Course evaluation included focus group discussions and questionnaire responses collected at the end of semester, online and/or during a practical class, and contained targeted questions about students' experiences of PeerWise. Students also had the opportunity to express their opinions about PeerWise within the questionnaire's open response section.
Question Quality Rating Scheme
An 11-point rating scheme was devised that aimed to measure question quality in an objective and repeatable way. The scheme included recognition of questions achieving defined cognitive learning domains, based on the revised Bloom's Taxonomy . A subset of 20 randomly selected questions was independently rated by two of the authors, and concordance between raters was measured (by Intraclass Correlation, Model 2, single measures). Any questions where there had been disagreement between markers were revisited and discussed, in order to redefine quality category boundaries. The mark scheme was refined accordingly, and a further set of 20 questions was independently marked by both parties, whereupon inter-rater reliability was found to be very good (Intraclass Correlation Coefficient 90%). A summary of the rubric for categorising questions is shown in Table 2.

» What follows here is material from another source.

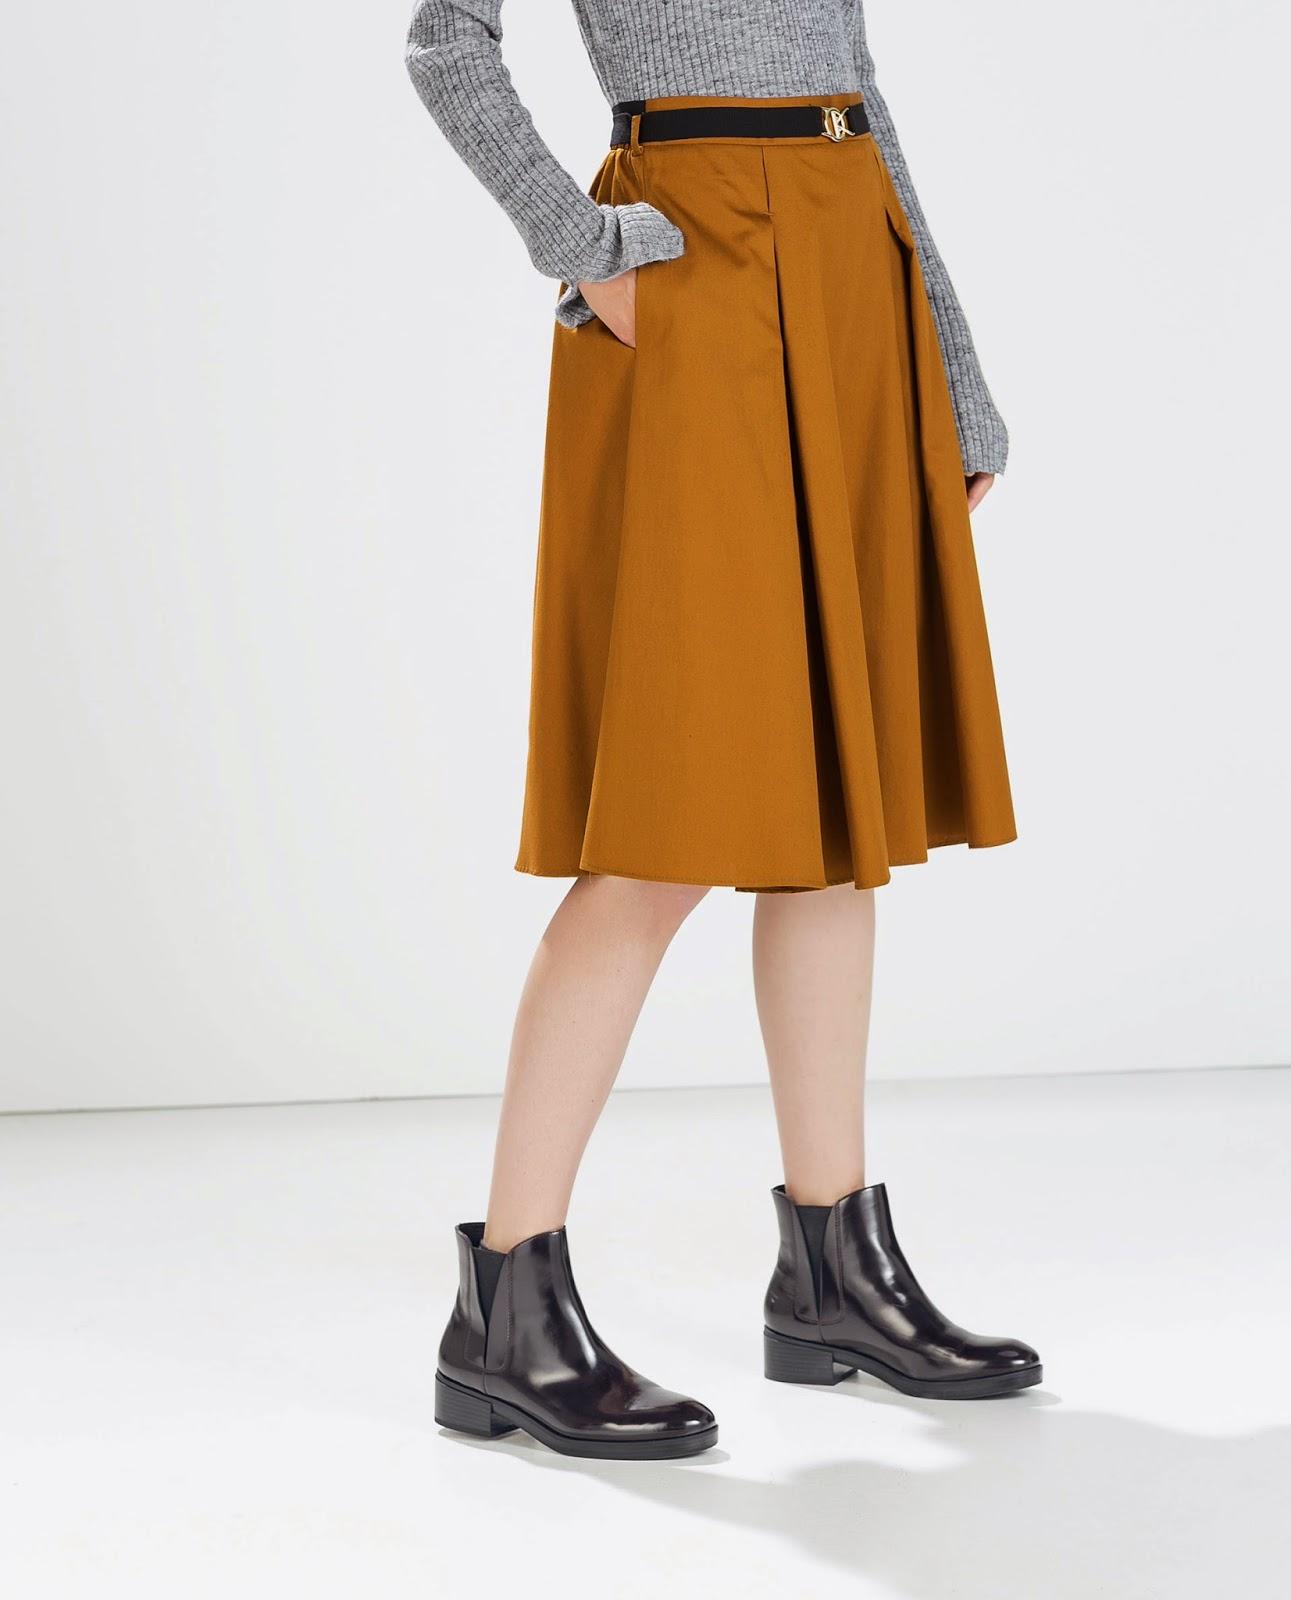 zara mustard skirt

|Grammar and clarity of wording||1|
|Question should be clearly expressed and easy to follow|
|Correctness of author's selected answer||1|
|Unless obviously wrong, the author's answer was assumed to be correct if agreed with by the majority of 15 answering peers. Below this threshold, correctness was cross-checked|
|Feasibility of distractors||1|
|Should include only one possible correct answer. Author's incorrect answers should be feasible enough to test knowledge|
|Quality of author's explanation||3|
|2=Good explanation that informs why correct answer is right and provides some background;|
|3=Thorough explanation that would improve the understanding of someone who answered incorrectly|
|Bloom's Taxonomy rating||5|
|1=Factual recall only;|
|2=Comprehension e.g. compare/contrast/summarize-|
|3=Application of knowledge;|
|4=Analysis of information from a variety of sources e.g. questions requiring calculations/deductive processes;|
|5=Evaluation and synthesis of material from various sources|
A total of 221 questions, spread across the three cohort repositories, were rated. Questions from 26 students attending the optional support sessions, and from 26 students selected for matched ability were included, while all other questions were selected at random.

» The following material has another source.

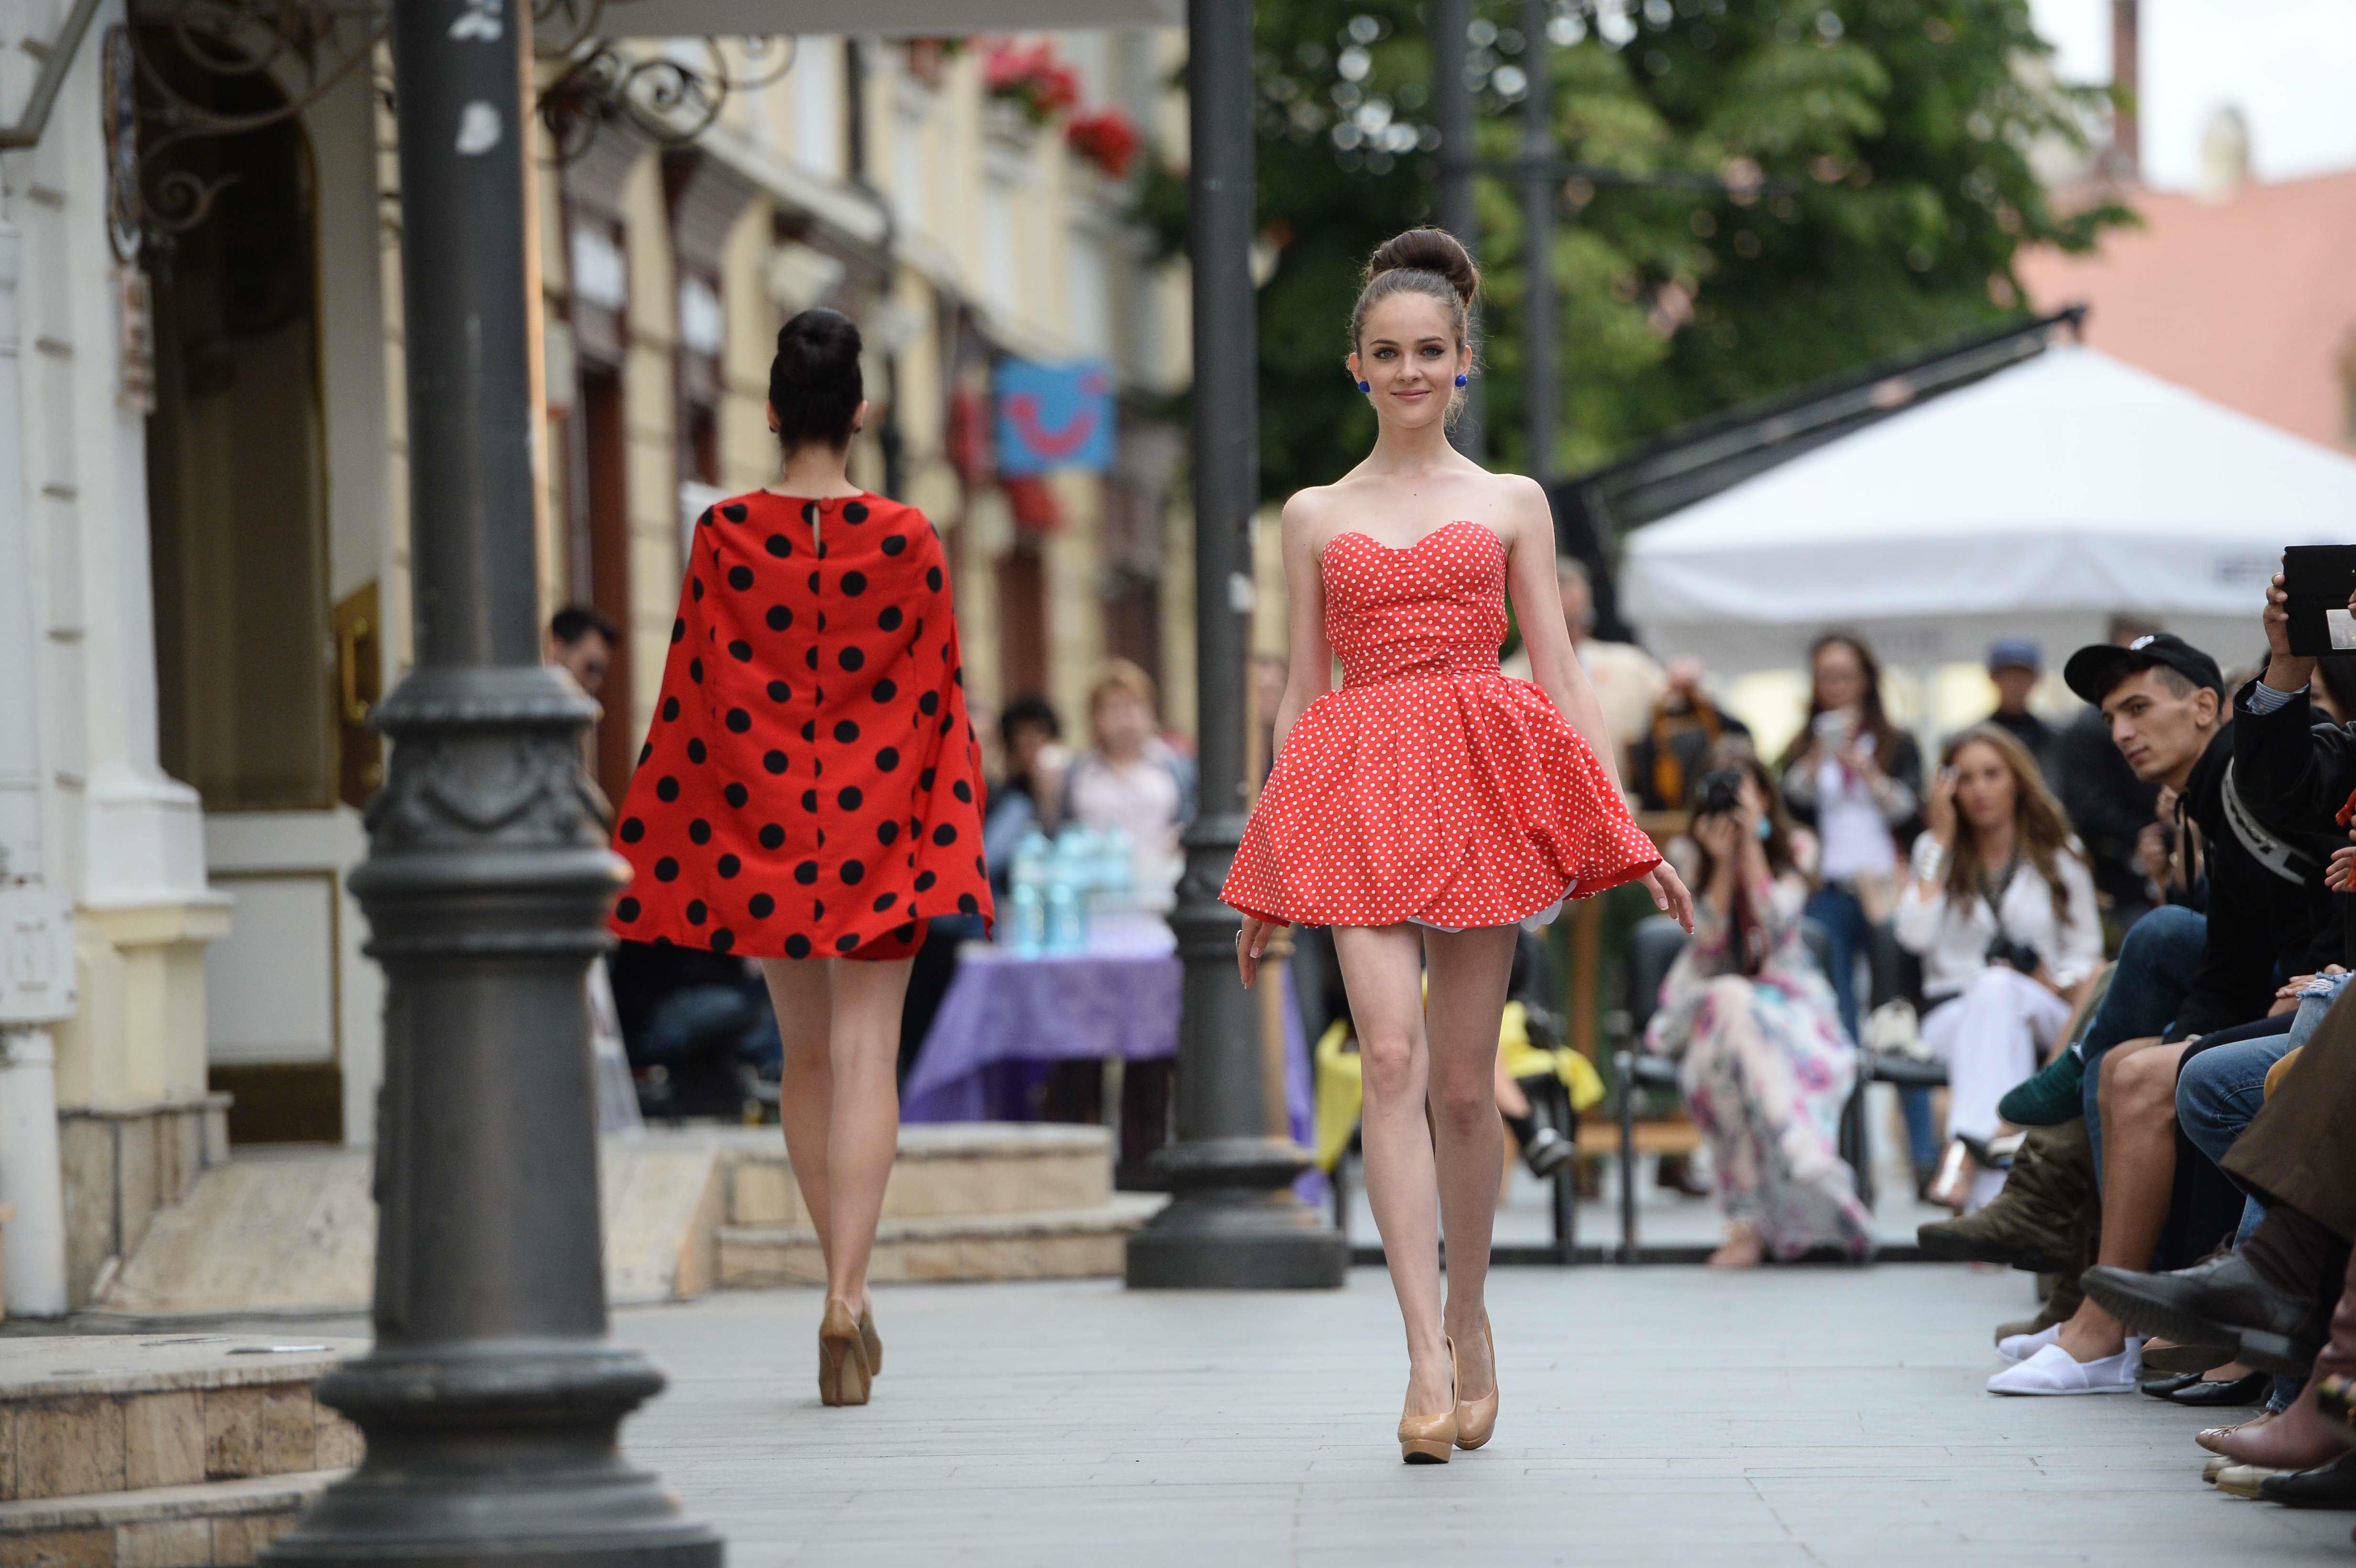 FFD2014_19iunie_Prezentare de moda Gabriela Atanasov-¬Seb astian Marcovici18062014 (2)

PeerWise Engagement Was Positively and Significantly Associated with Performance on All Components of the Course
Associations between engagement with PeerWise, as measured by PeerWise score, and marks in several components of the GGA course in three successive years of delivery are shown in Table 3. Our hypothesis was that students would benefit from engaging with PeerWise, and that this would be reflected in enhanced academic performance. First order partial correlations (one-tailed) between PeerWise score and marks for exam MCQ (controlling for prior ability) were performed. As expected, positive significant associations were found for all cohorts. More surprisingly, similar effects were also found for exam essay, exam problem question, overall exam and coursework marks, with the exceptions of exam essay marks in 2011 and exam problem question marks in 2012 (Table 3). Significant correlations between PeerWise score and overall course work and exam marks were uncovered in all years of delivery. This confirms and extends the findings of a previous study  which noted a positive association between PeerWise engagement and exam marks for GGA in 2012, and shows that such effects are consistent year on year, and importantly across diverse course components.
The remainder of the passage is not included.